▶ [What this task involves]
Every line below should come back exactly as written, though the pictures stay out.

▶ [Dataset section]

○ ○ ○ ○

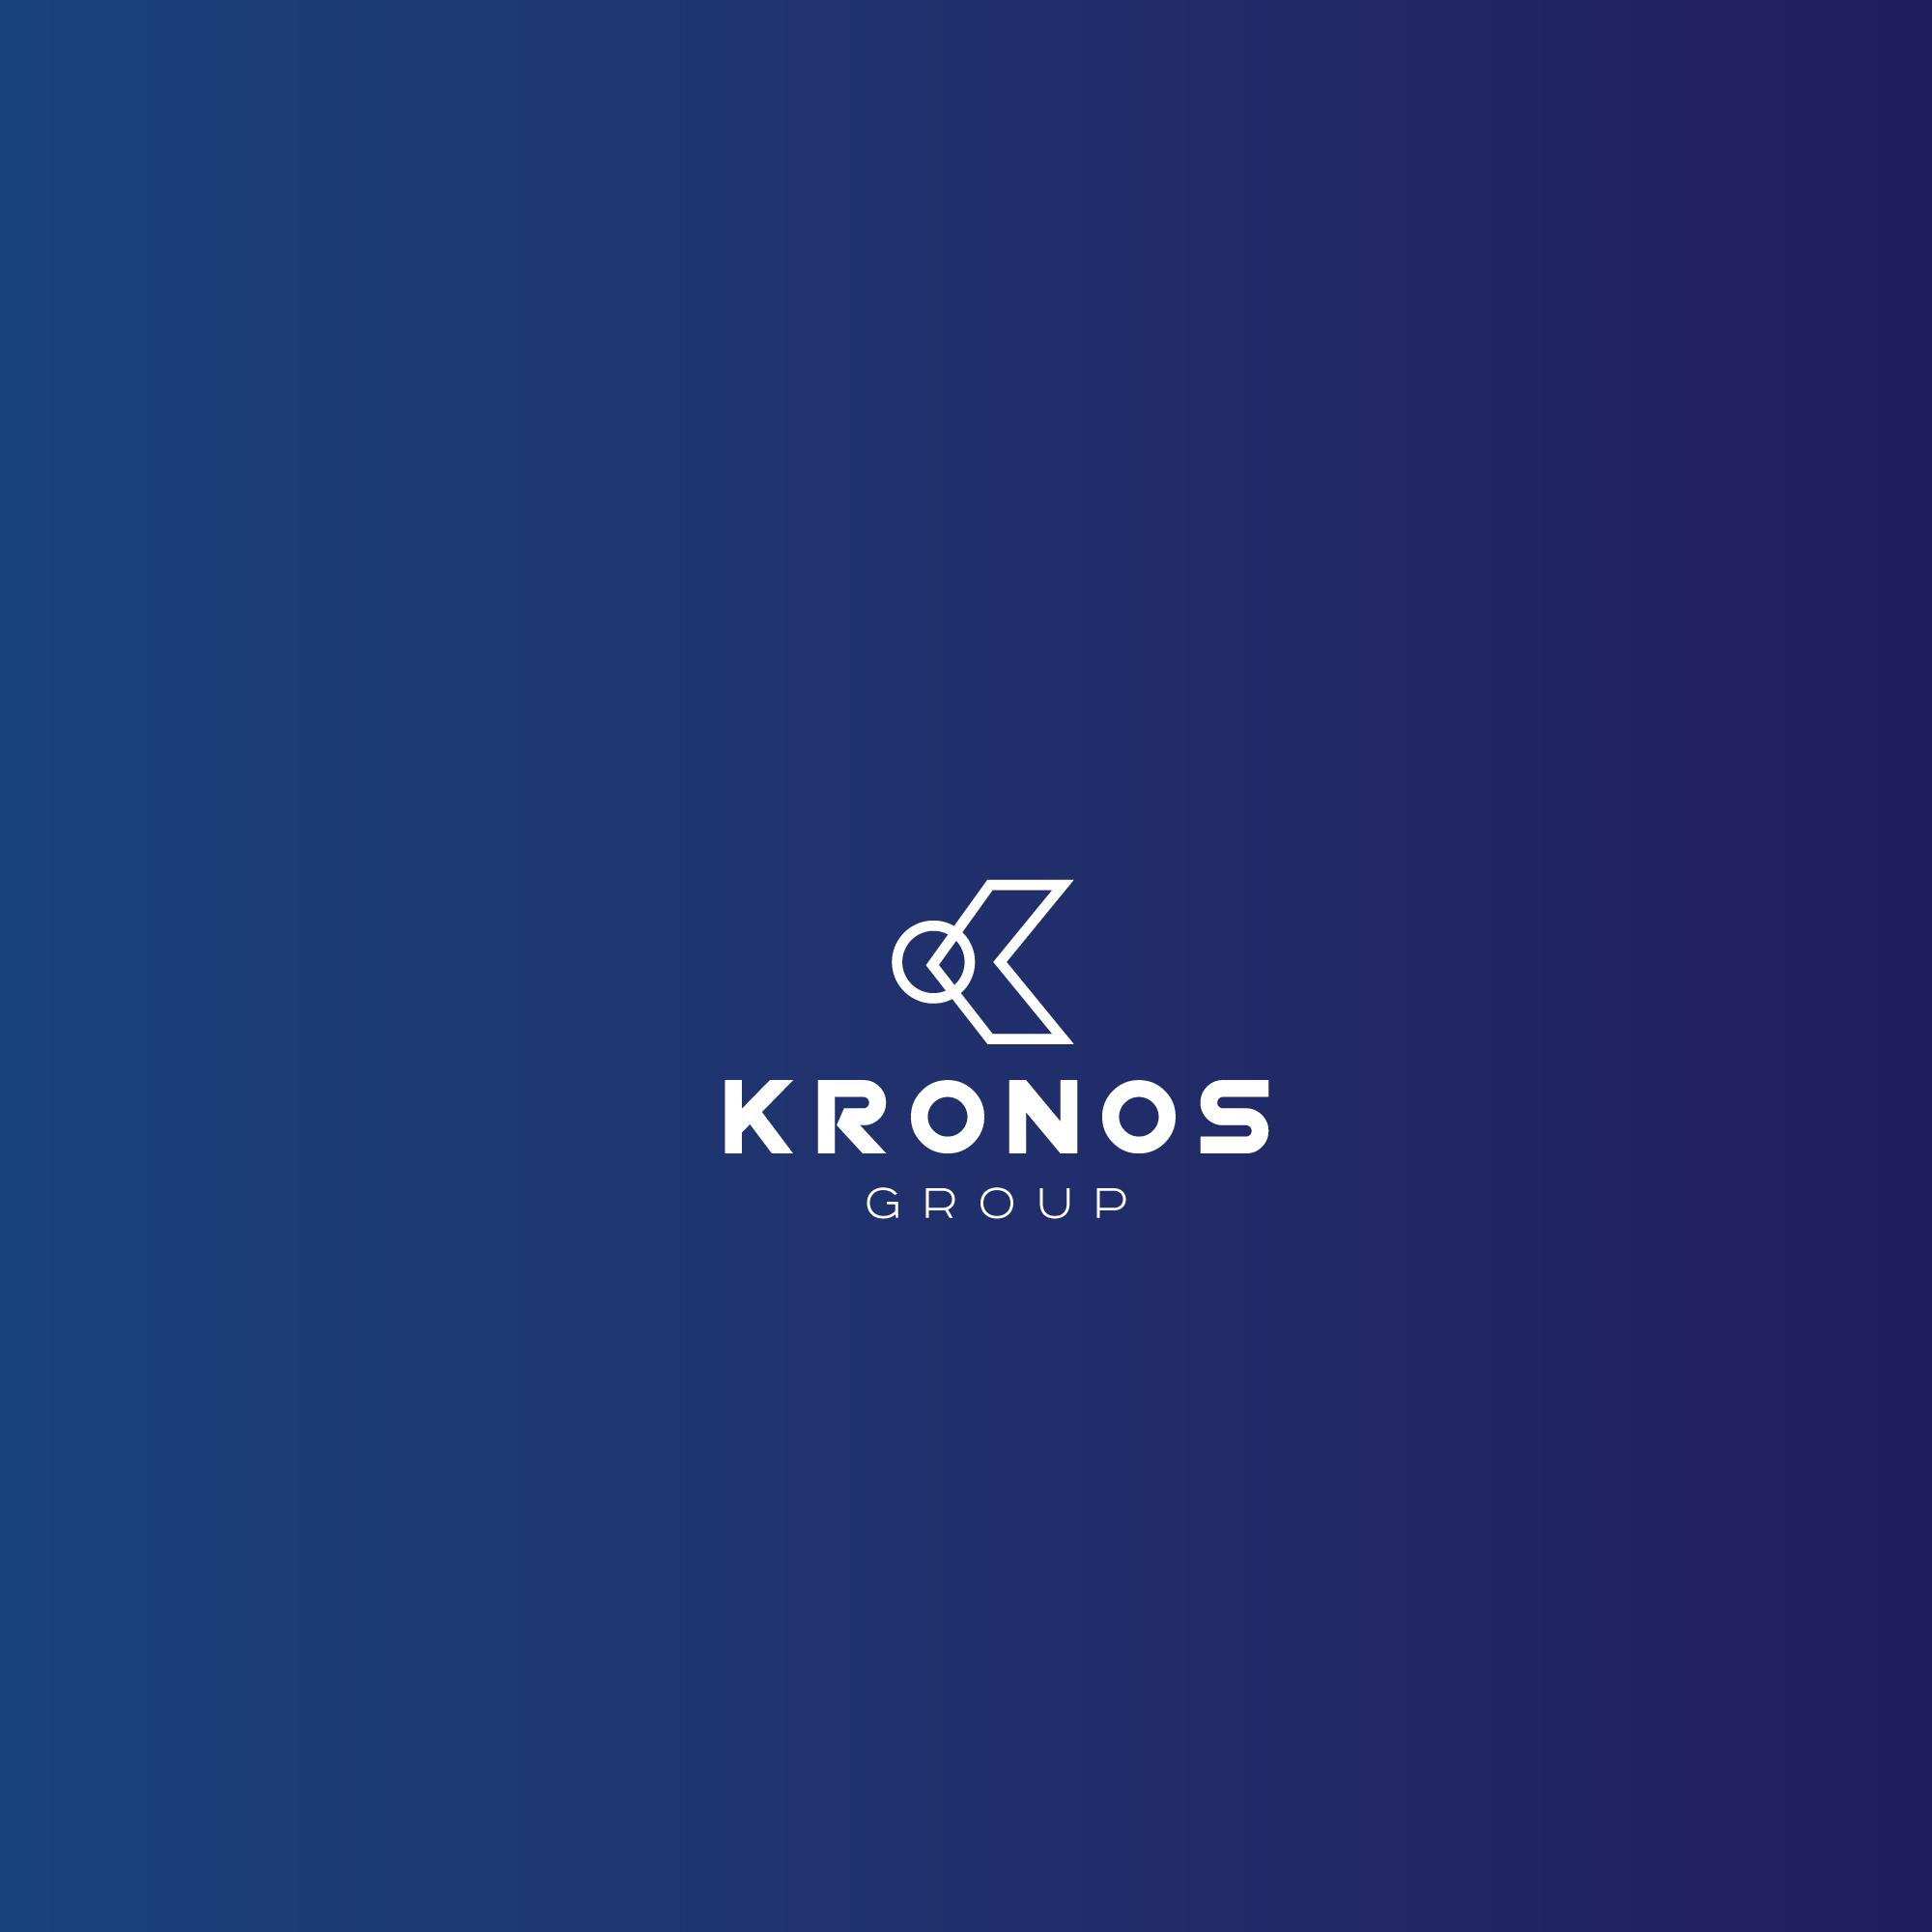 Разработать логотип KRONOS фото f_3765faf0f83cec1b.jpg
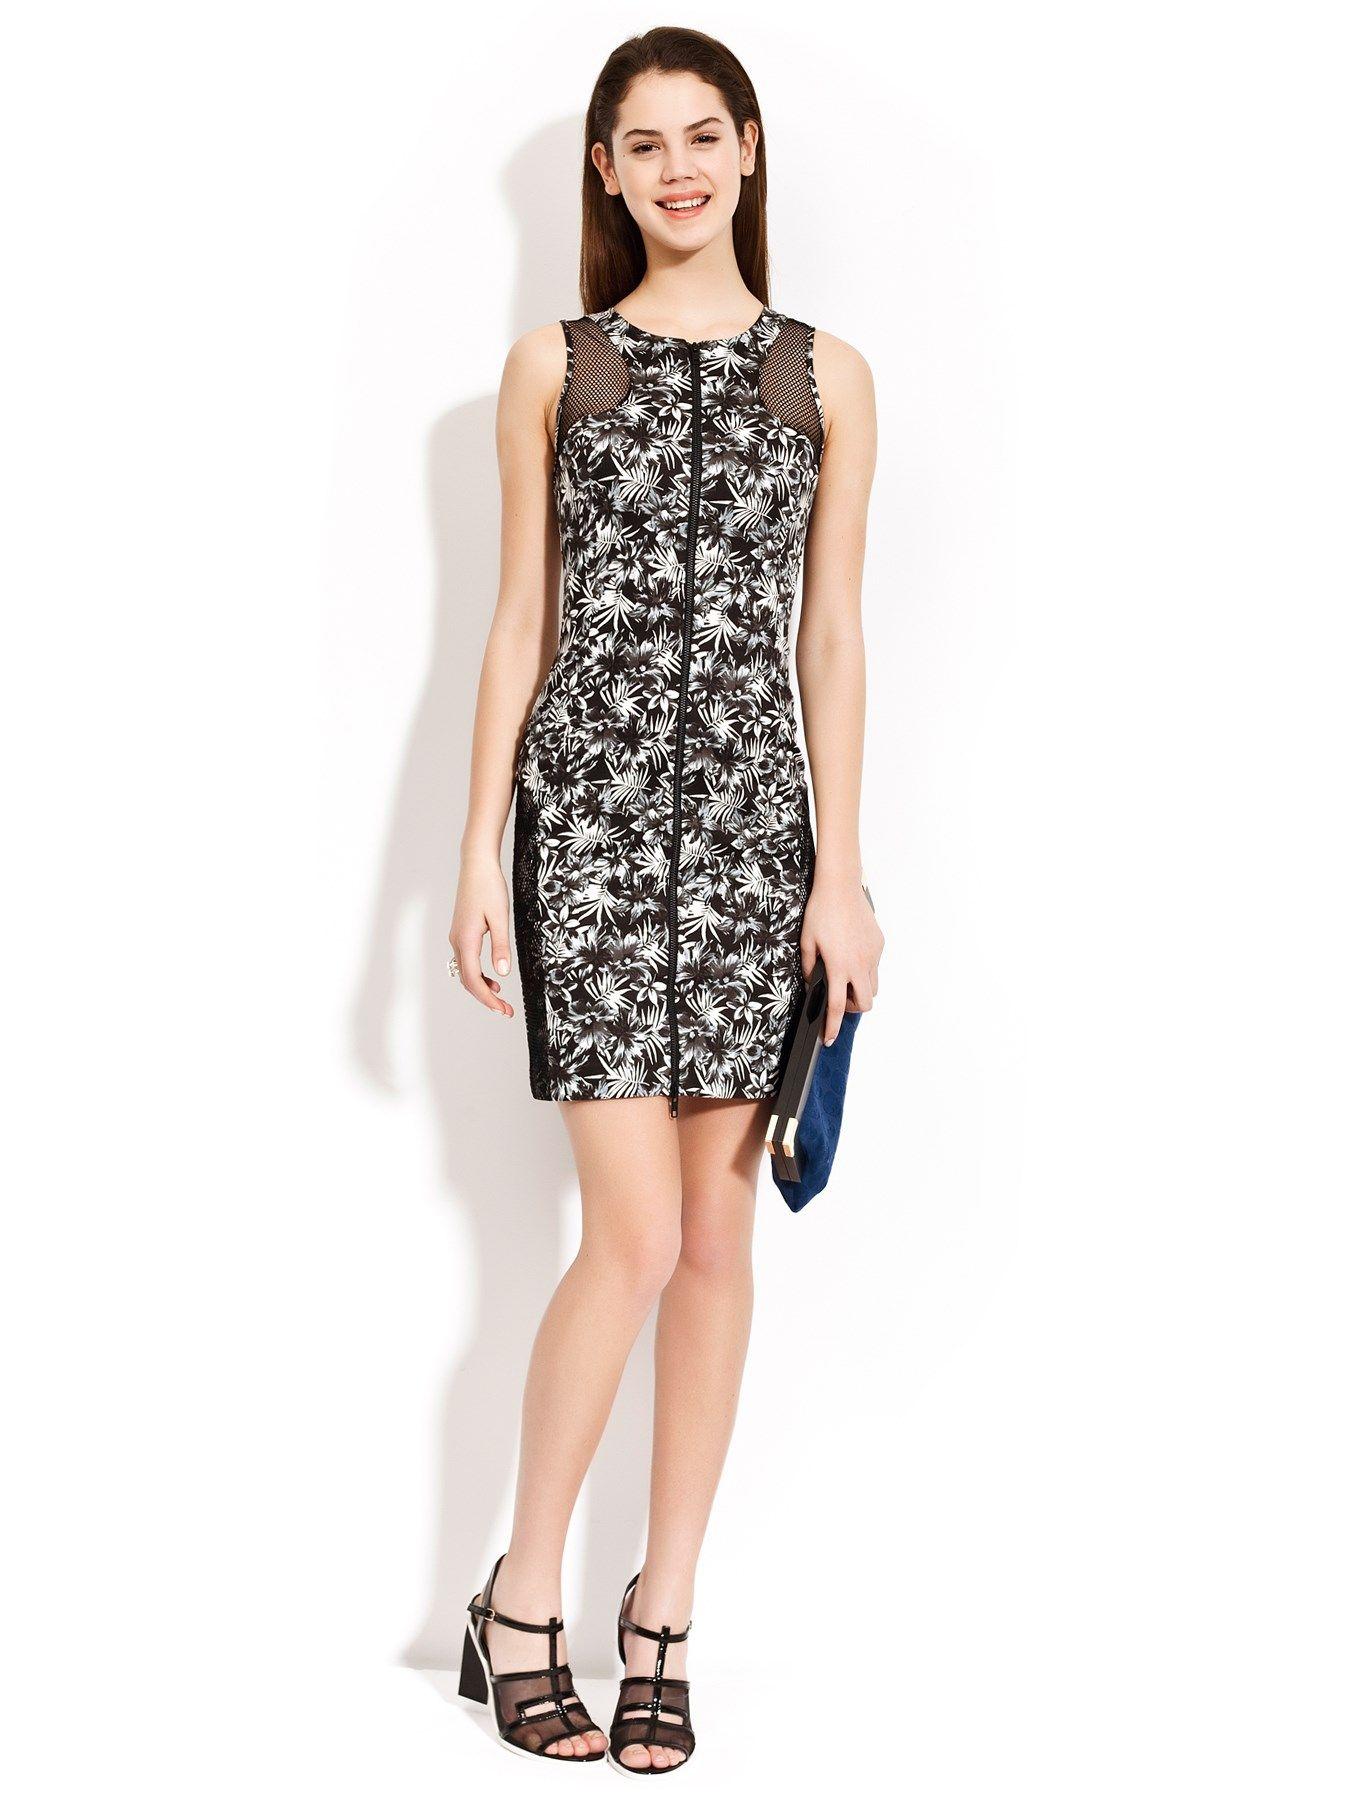 Onden Fermuarli Kisa Elbise Koleksiyon Ust Giyim Elbise Twist Pelin S Style Picks Dresses Formal Dresses Fashion
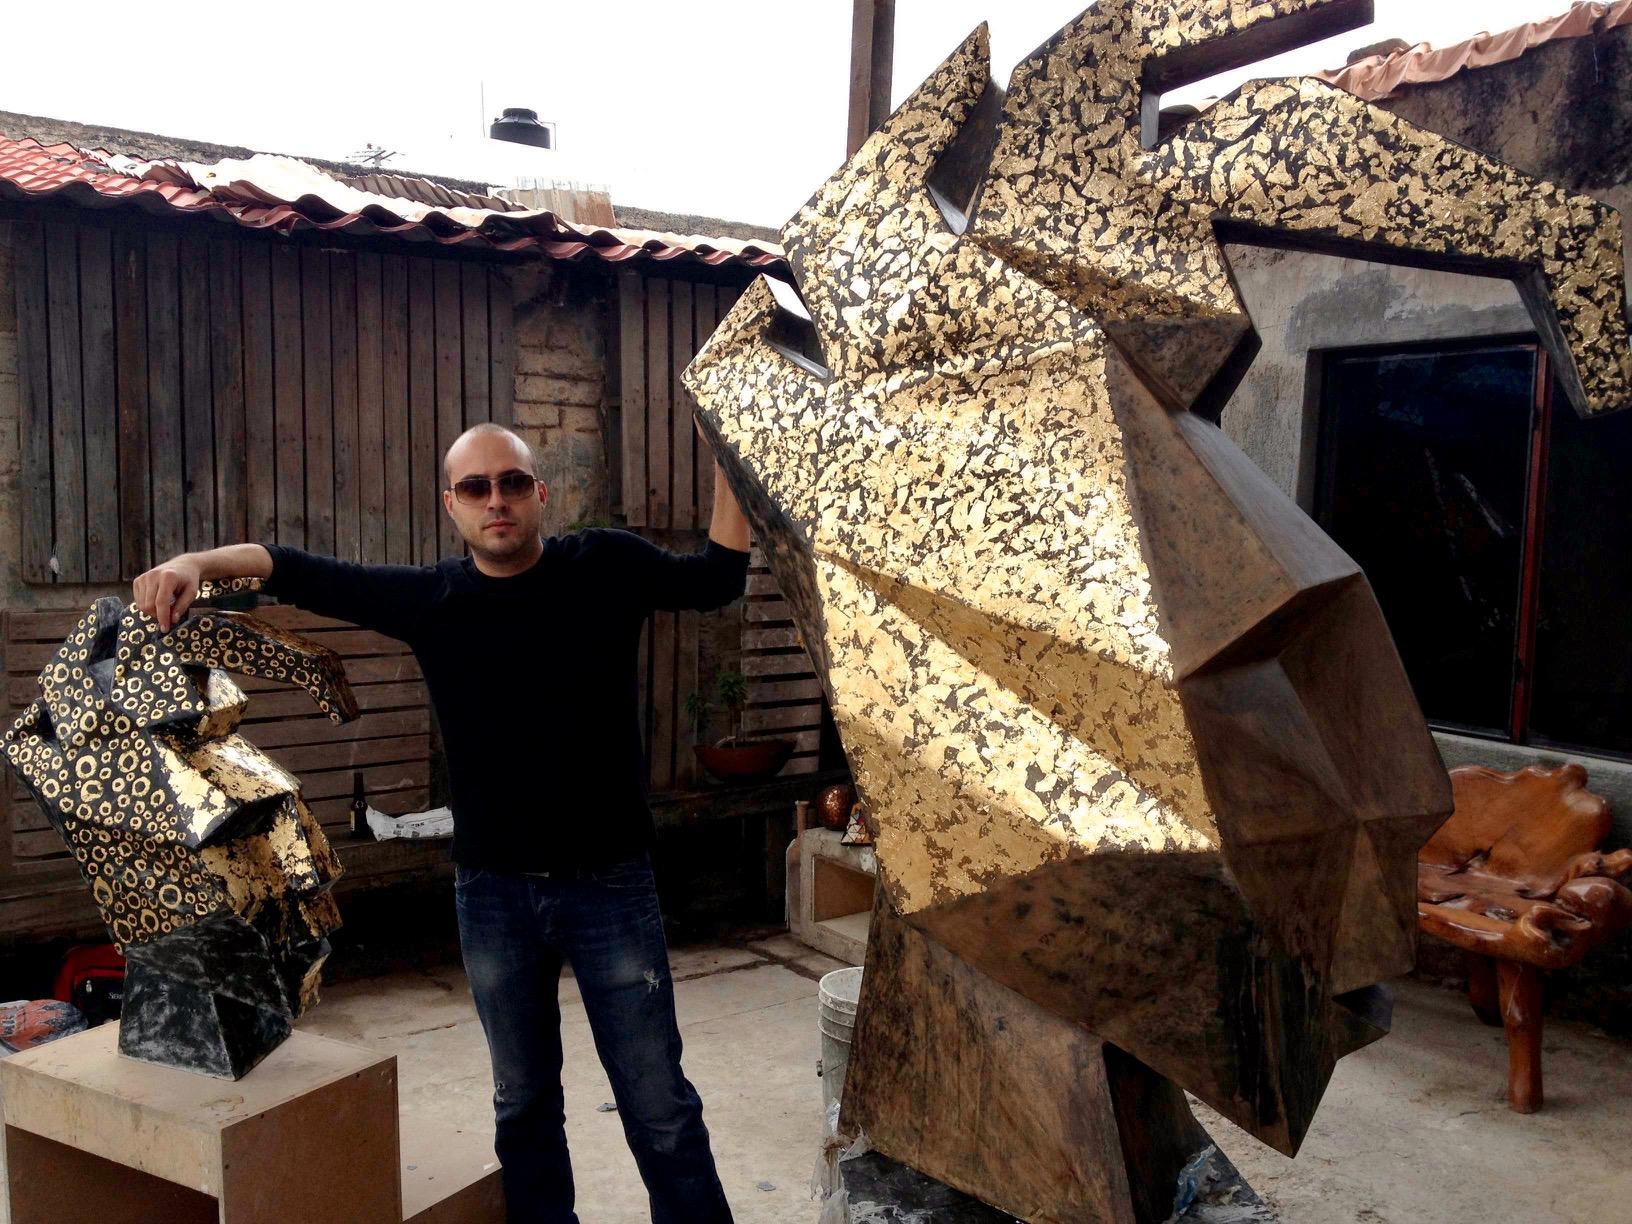 paul-zepeda-with-pakal-sculptures.jpg

○ ○ ○ ○

▶ [Result below]
 Разработать логотип KRONOS фото f_3765faf0f83cec1b.jpg
 Onden Fermuarli Kisa Elbise Koleksiyon Ust Giyim Elbise Twist Pelin S Style Picks Dresses Formal Dresses Fashion
 paul-zepeda-with-pakal-sculptures.jpg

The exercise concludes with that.